Markets in Europe are sniffing recession as geopolitical concerns remain rife, but recession often gives rise to bargain prices for companies. This is a high conviction fund where managers David Dudding and Mark Nichols largely ignore economic factors and prefer to spend their time researching individual companies. They tend to avoid industries with high regulatory uncertainty, such as banks and telecoms and have a preference for larger companies that have pricing power.

US continues to defy late cycle fears

Lazard US Equity Concentrated

The US economy was boosted last year by a big tax cut and an increase in government spending. However, it does have some challenges courtesy of an irascible President and an ongoing trade war with China. As the name suggests, this is an extremely concentrated fund typically holding no more than 20 to 25 companies, ranging in size from the fairly small all the way through to the very large. The team spends a lot of time on-the-ground in America and know every company in the portfolio inside out. Popular names such as Coca Cola and Alphabet, the parent company of Google, are among its largest holdings*.

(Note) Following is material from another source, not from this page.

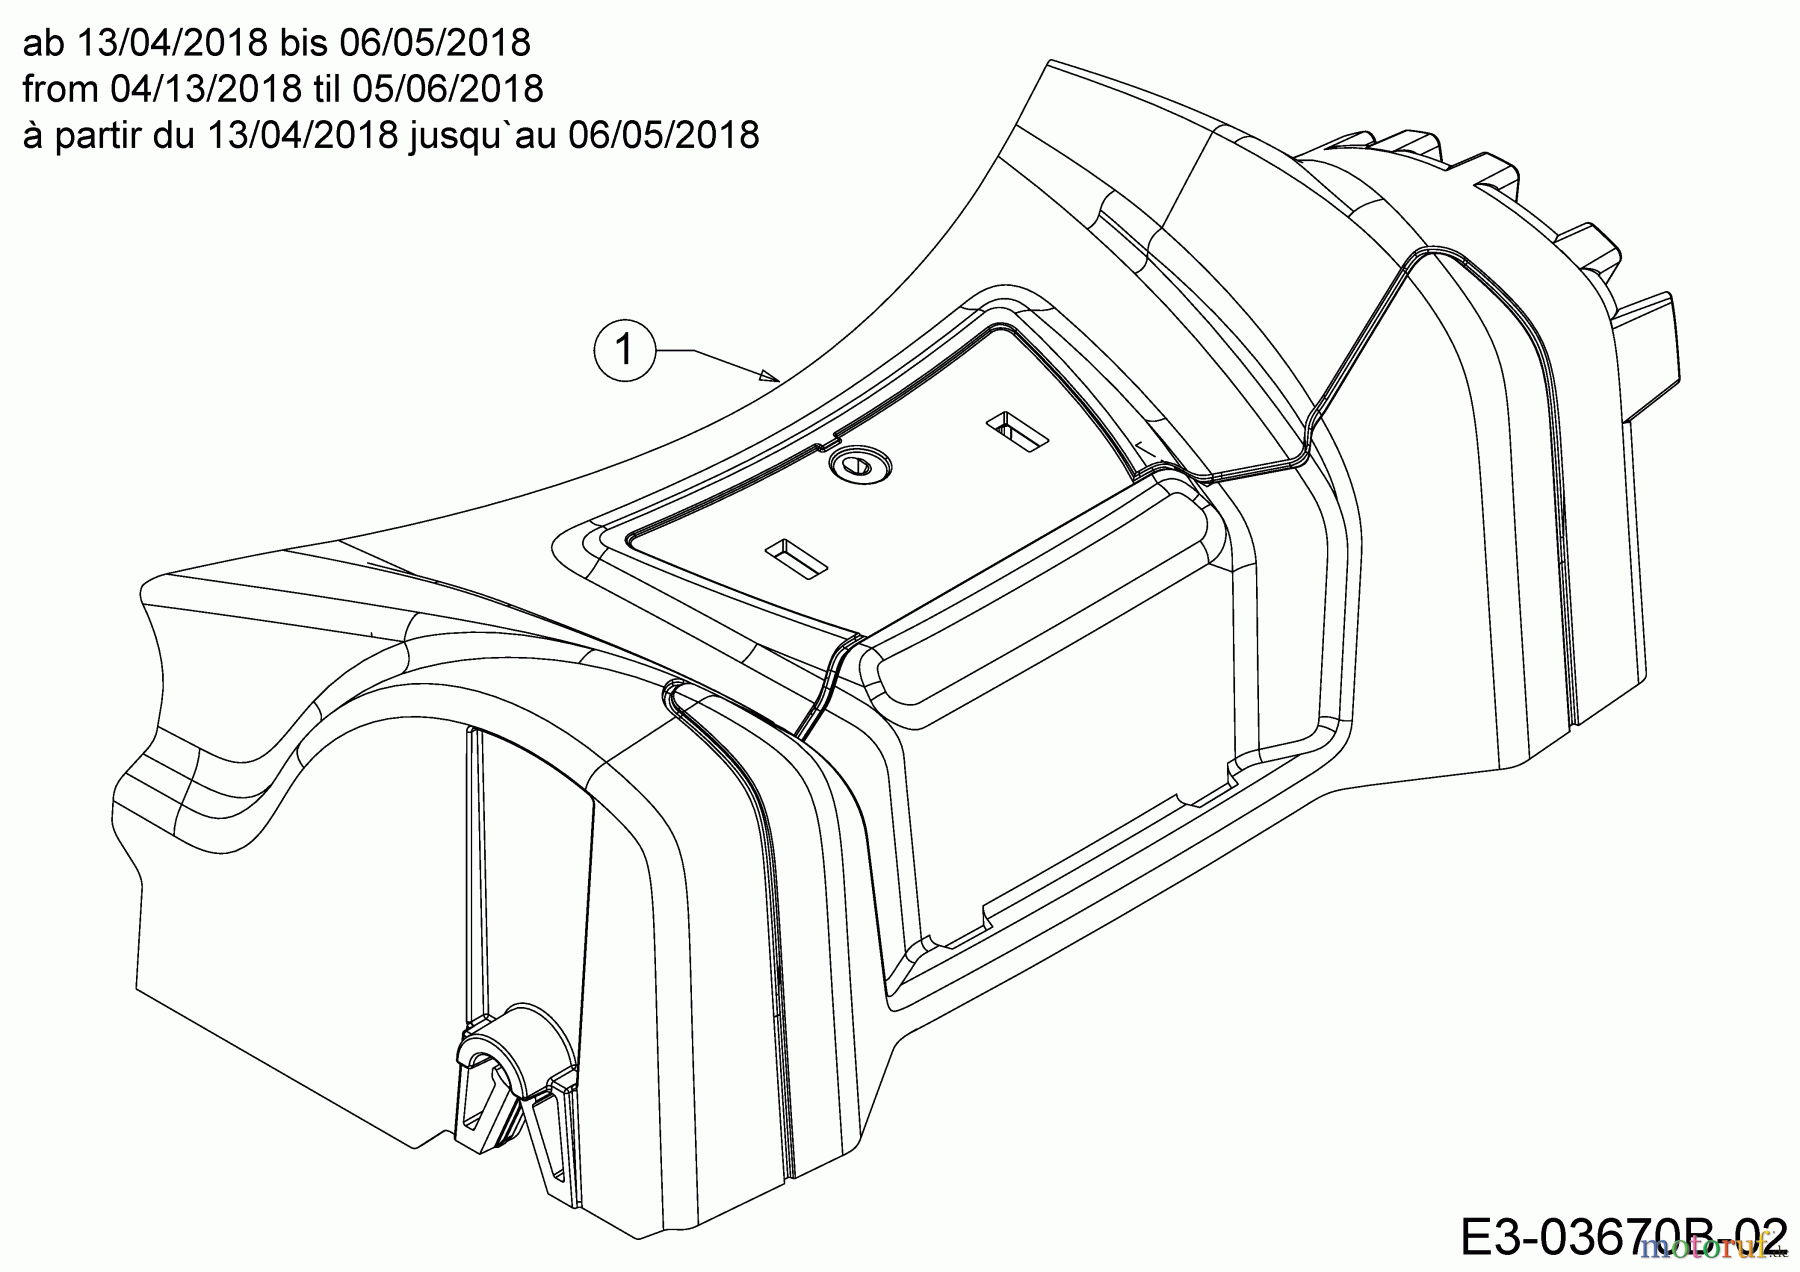  MTD Motormäher mit Antrieb Smart 42 SPO 12D-LASJ600  (2018) Abdeckung Vorderachse ab 13/04/2018 bis 06/05/2018

Abenmonics bolsters Japan but risks remainRowe Price Japanese equity

After decades of stagnant growth and false dawns, life was finally breathed back into the economy thanks to Abenomics in 2012, however external risks and trade friction still impact investor sentiment. Tokyo-based Archibald (Archie) Ciganer has run this fund since December 2013, after joining T. Rowe Price as an analyst in 2007 and covering many of the industries in which the fund invests. This fund holds around sixty to one hundred Japanese companies, with a notable bias to smaller firms. Archie targets businesses with competitive advantages in areas such as brands or technology – as he thinks they are often undervalued by the market.

Asia to be the world’s growth (and possibly income) engine

Guinness Asian Equity Income fund

Asia is expected to be the world’s growth engine of the future, making it almost impossible to ignore as an investment for the medium to long-term, However, it also offers an income opportunity to investors, as the dividend-paying culture grows. The Guinness Asian Equity Income fund invests in 36 equally-weighted stocks across the region, including Australia. Fund managers Edmund Harriss and Mark Hammonds have built a portfolio based on companies which can sustainably grow their dividends and the fund currently has an historic yield of 4.1%*.

*Source: Fund fact sheets, 28 February 2019

Past performance is not a reliable guide to future returns. You may not get back the amount originally invested, and tax rules can change over time. Darius’s views are his own and do not constitute financial advice.